Ideal wäre ein sich selbst reproduzierender Bestand an Bachforellen.
Solltest du den Bestand fördern oder sogar neu aufbauen müssen, empfehle ich dir Dies mit Bachforelleneier aus der Region zu tun, die in Firzlaffboxen aufgelegt werden.Dies ist die preisgünstigste und effektivste Art der Bestandsentwicklung.Am Besten wären Elterntiere aus dem Bach selbst
 ( autochtoner Bestand ). Eine Firzlaffbox könnte ich dir ausborgen, für speziefische Fragen schicke eine PN. an mich, die Ausführungen würden hier sonst zu weit führen. Und noch Etwas, Äschen gehören nur in die Äschenregion. In der Bachforellenregion können sie, je nach Gewässergegebenheit, erheblichen Schaden anrichten.


----------



## Grobi63 (3. Oktober 2010)

*AW: Pachtgewässer, Pachten*

Zunächst herzlichen dank für deine ausführungen. da ich erst am donnerstag von der neuverpachtung des gewässer erfahren habe, stehe ich natürlich ganz am anfang. zur zeit weiß ich nur wo das gewässer ist. mehr noch nicht#q. ansonsten würde ich, wenn ich darf dich noch ein paar mal belästigen, da sich alles sehr kompetent in deinen ausführungen anhört. ich höre immer wieder den bestand mittels elektro überprüfen, bin aber der meinung wenn ich strom einsetze dann ist der evtl. vorhandene bestand tot. ich weiß das  sich damals mehrere angler zusammen getan haben und das gewässer gepachtet hatten. werde versuchen mich mit den kollegen kurz zu schließen um zu erfahren warum sie das gewässer abgeben. mache jetzt für heute schluß da ich an das gewässer fahren will um ein paar bilder zu schießen. wenn es dich interessiert übermittle ich dir gerne ein paar bilder.

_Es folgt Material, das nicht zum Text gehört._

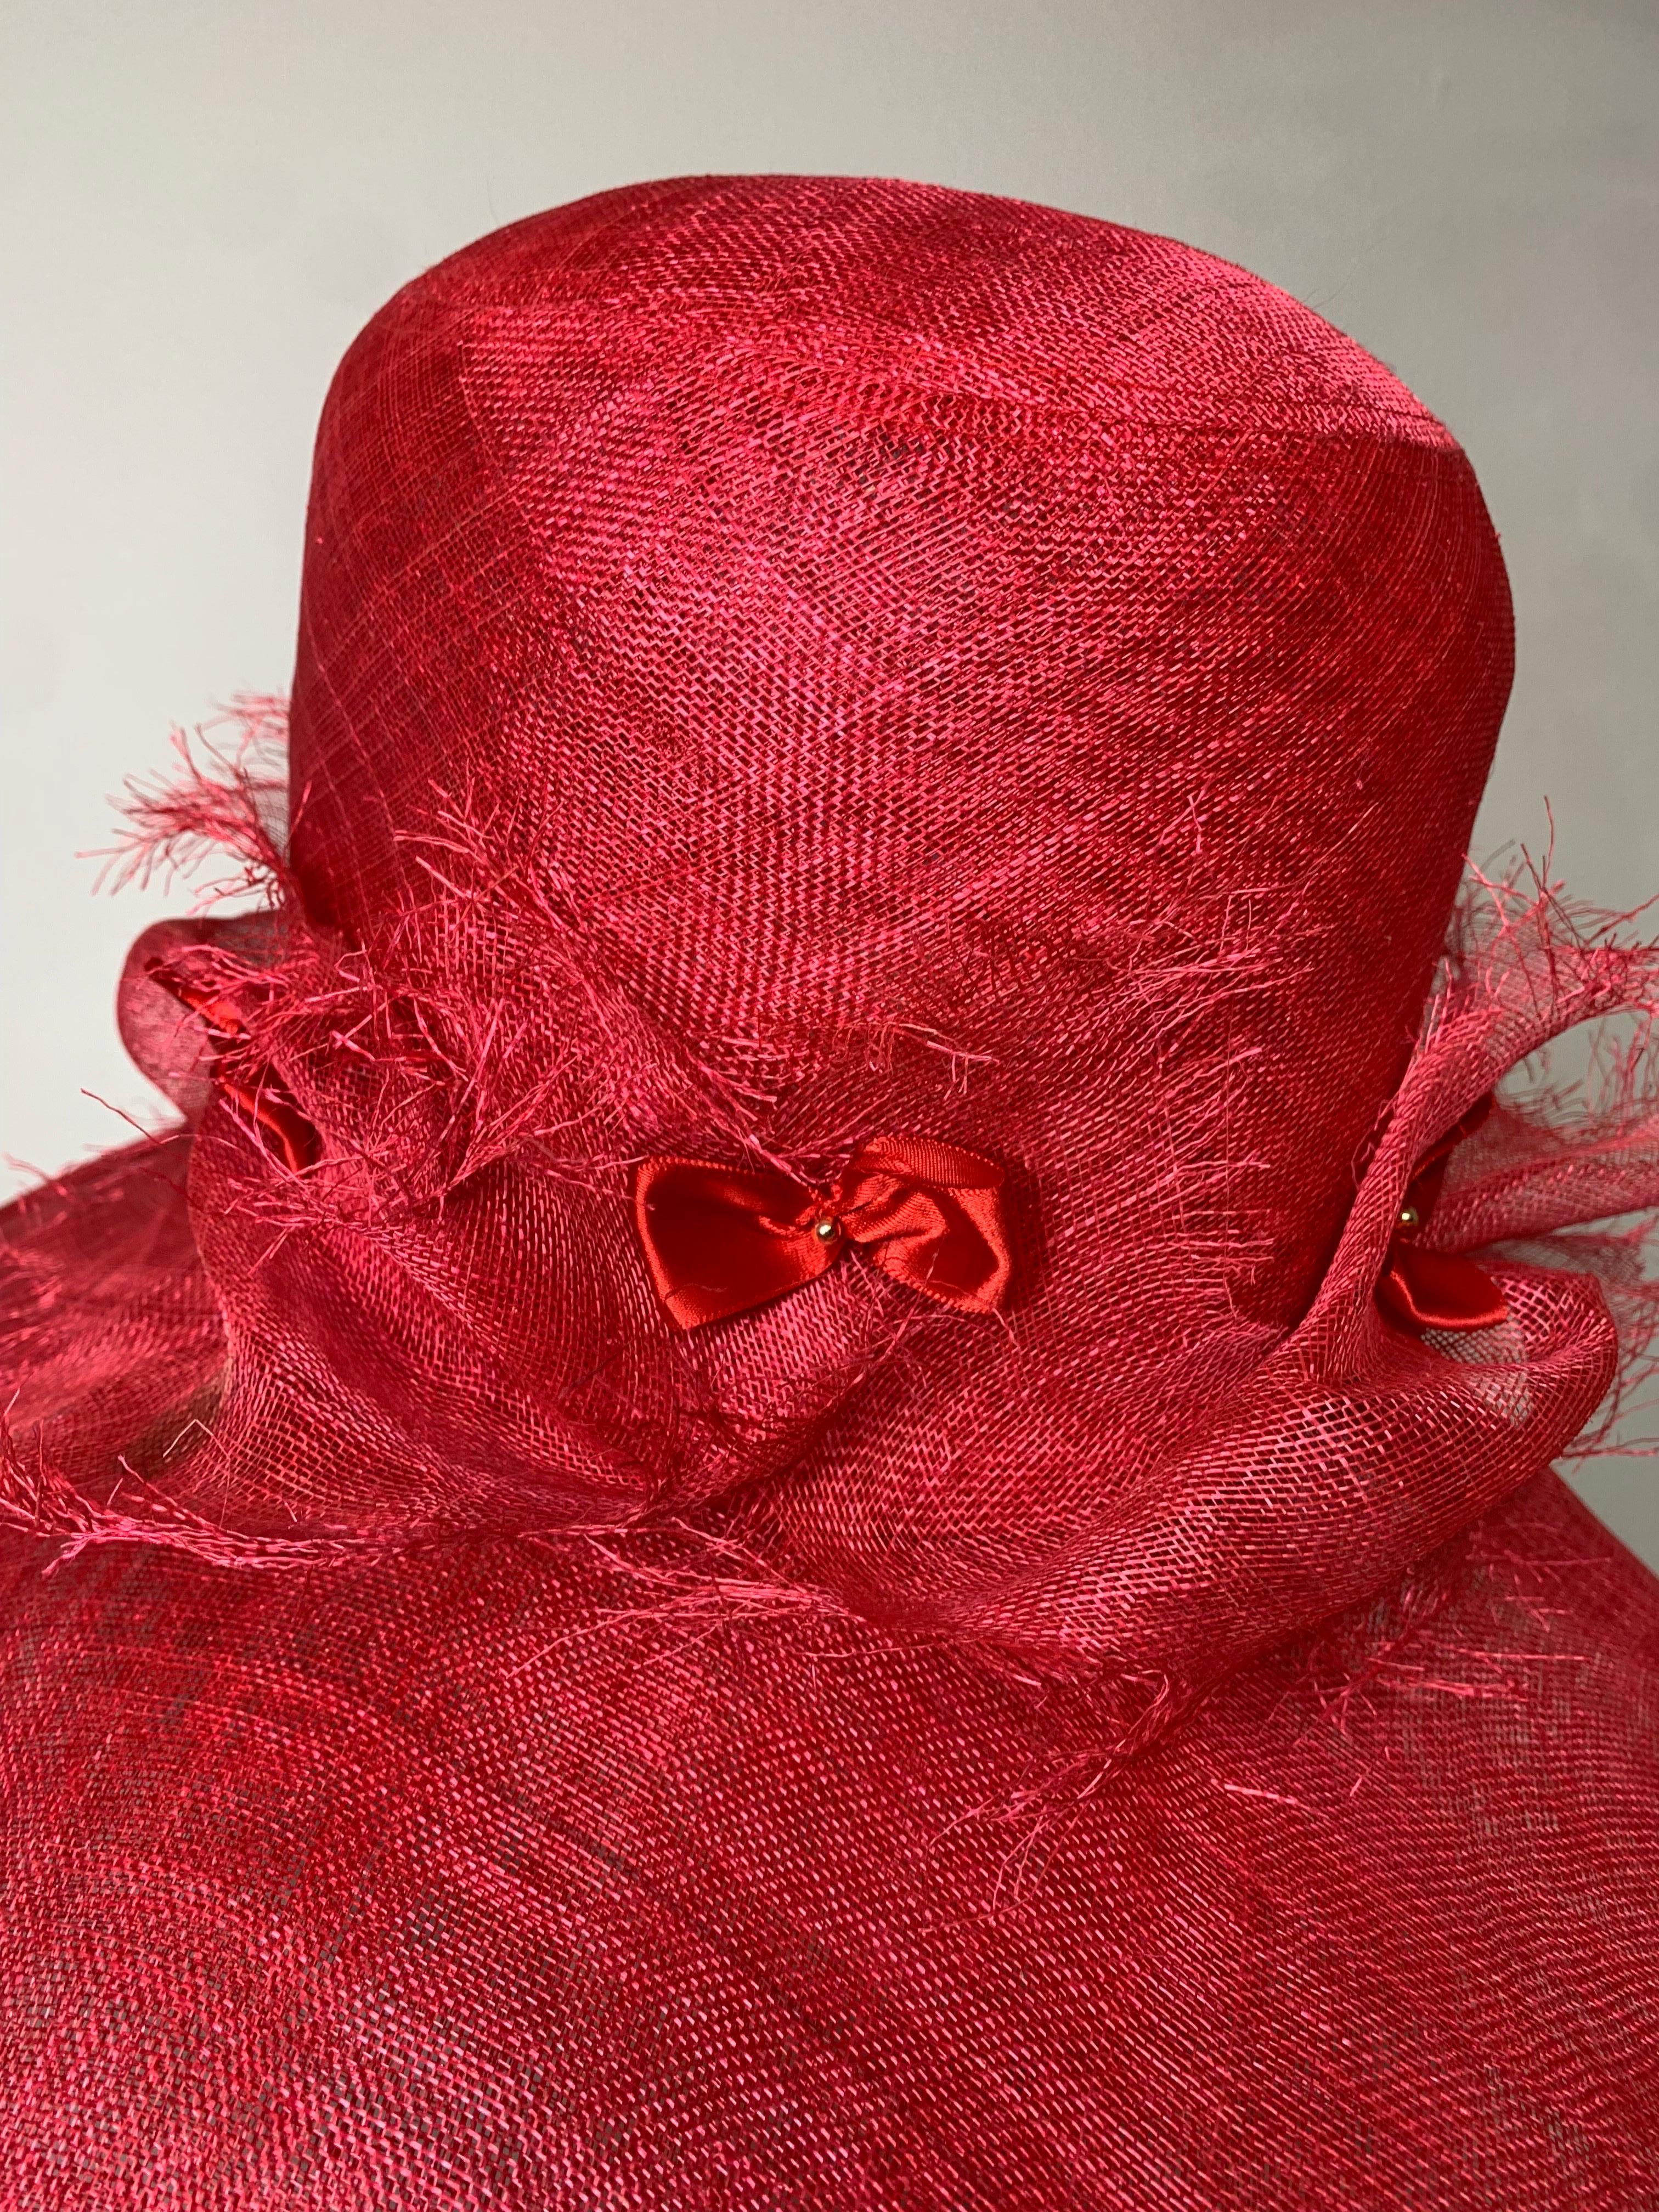 Maison Michel Cardinal Red Sheer Straw Wide Brim Tall Crown Hat w Satin Bows For Sale 8

bis dahin, grüße vom bodensee


----------



## Sneep (3. Oktober 2010)

*AW: Pachtgewässer, Pachten*



Grobi63 schrieb:


> ich höre immer wieder den bestand mittels elektro überprüfen, bin aber der meinung wenn ich strom einsetze dann ist der evtl. vorhandene bestand tot.




Sorry, aber das ist doch blühender Unfug!

Ich glaube nicht, dass es von amtlicher Seite eine Genehmigung zum E-Fischen geben würde, wenn anschließend der Bach fischleer wäre. 

Es gibt keine schonendere  Methode eine Forelle aus dem Bach zu fangen als mit dem E-Gerät!

Du wirst ohnehin keinen Strom einsetzen dürfen, es sei den du hast den entsprechenden Lehrgang.

Es werden auch nicht 2 Kabelenden ins Wasser gehalten, sondern das geschieht mit Geräten, die einen einstellbaren Puls oder Gleichstrom liefern. Diese werden regelm. vom TÜV geprüft.

Um mit einem modernen E-Gerät mit Gleichstrom einen Fisch zu töten muss man sich schon sehr anstrengen.

Wenn es beim E-Fischen zu Verlusten kommt, dann in der Regel durch falsche Hälterung nach dem Fang.

Deinen Bach würde ich ohne Opfer zu hinterlassen ohne Probleme mit 2 Watgeräten befischen und im Anschluss hättest du eine Aussage zum tatsächlichen Bestand und anhand der Größen, könnte man erkennen, ob die Reproduktion funktioniert.

Dabei werden die Fische nicht einmal betäubt. Sie folgen der Anode und und können gezählt werden. Die Länge wird geschätzt. Dabei bleibt der Fisch im Wasser und schwimmt nach ausschalten des Stroms davon.

Mit 2-3 Probenstrecken von 50-100m kann man eine Aussage zum Bestand machen.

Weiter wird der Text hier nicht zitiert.